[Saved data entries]
- - -
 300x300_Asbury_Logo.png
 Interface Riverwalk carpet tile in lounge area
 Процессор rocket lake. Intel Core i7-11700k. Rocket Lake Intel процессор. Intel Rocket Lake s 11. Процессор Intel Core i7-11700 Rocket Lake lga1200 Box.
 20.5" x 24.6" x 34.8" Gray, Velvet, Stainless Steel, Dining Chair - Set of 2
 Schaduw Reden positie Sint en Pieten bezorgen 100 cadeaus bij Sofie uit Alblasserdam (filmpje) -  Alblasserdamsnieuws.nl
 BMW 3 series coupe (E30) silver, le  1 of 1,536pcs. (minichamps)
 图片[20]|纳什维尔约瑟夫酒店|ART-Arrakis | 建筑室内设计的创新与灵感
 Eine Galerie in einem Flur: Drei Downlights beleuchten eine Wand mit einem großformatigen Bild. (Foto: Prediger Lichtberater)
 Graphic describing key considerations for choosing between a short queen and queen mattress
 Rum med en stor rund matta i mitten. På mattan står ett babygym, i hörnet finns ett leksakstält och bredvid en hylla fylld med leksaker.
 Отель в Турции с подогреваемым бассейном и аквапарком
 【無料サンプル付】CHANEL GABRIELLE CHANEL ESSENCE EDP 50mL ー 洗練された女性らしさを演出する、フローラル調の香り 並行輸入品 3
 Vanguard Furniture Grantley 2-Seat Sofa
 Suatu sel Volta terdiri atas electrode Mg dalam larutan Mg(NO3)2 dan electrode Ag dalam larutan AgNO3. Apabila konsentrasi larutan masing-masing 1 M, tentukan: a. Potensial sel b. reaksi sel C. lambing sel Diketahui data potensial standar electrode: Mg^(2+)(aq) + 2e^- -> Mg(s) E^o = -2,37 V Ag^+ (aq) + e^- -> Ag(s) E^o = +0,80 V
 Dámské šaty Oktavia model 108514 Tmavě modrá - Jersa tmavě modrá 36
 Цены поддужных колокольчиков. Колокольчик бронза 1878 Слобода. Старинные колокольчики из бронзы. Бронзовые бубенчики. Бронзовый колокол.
- - -
-- Problem --
What should come out is the exact run of lines from the one holding "Suatu sel Volta" through the end of the records above, and nothing besides.

-- Response --
 Suatu sel Volta terdiri atas electrode Mg dalam larutan Mg(NO3)2 dan electrode Ag dalam larutan AgNO3. Apabila konsentrasi larutan masing-masing 1 M, tentukan: a. Potensial sel b. reaksi sel C. lambing sel Diketahui data potensial standar electrode: Mg^(2+)(aq) + 2e^- -> Mg(s) E^o = -2,37 V Ag^+ (aq) + e^- -> Ag(s) E^o = +0,80 V
 Dámské šaty Oktavia model 108514 Tmavě modrá - Jersa tmavě modrá 36
 Цены поддужных колокольчиков. Колокольчик бронза 1878 Слобода. Старинные колокольчики из бронзы. Бронзовые бубенчики. Бронзовый колокол.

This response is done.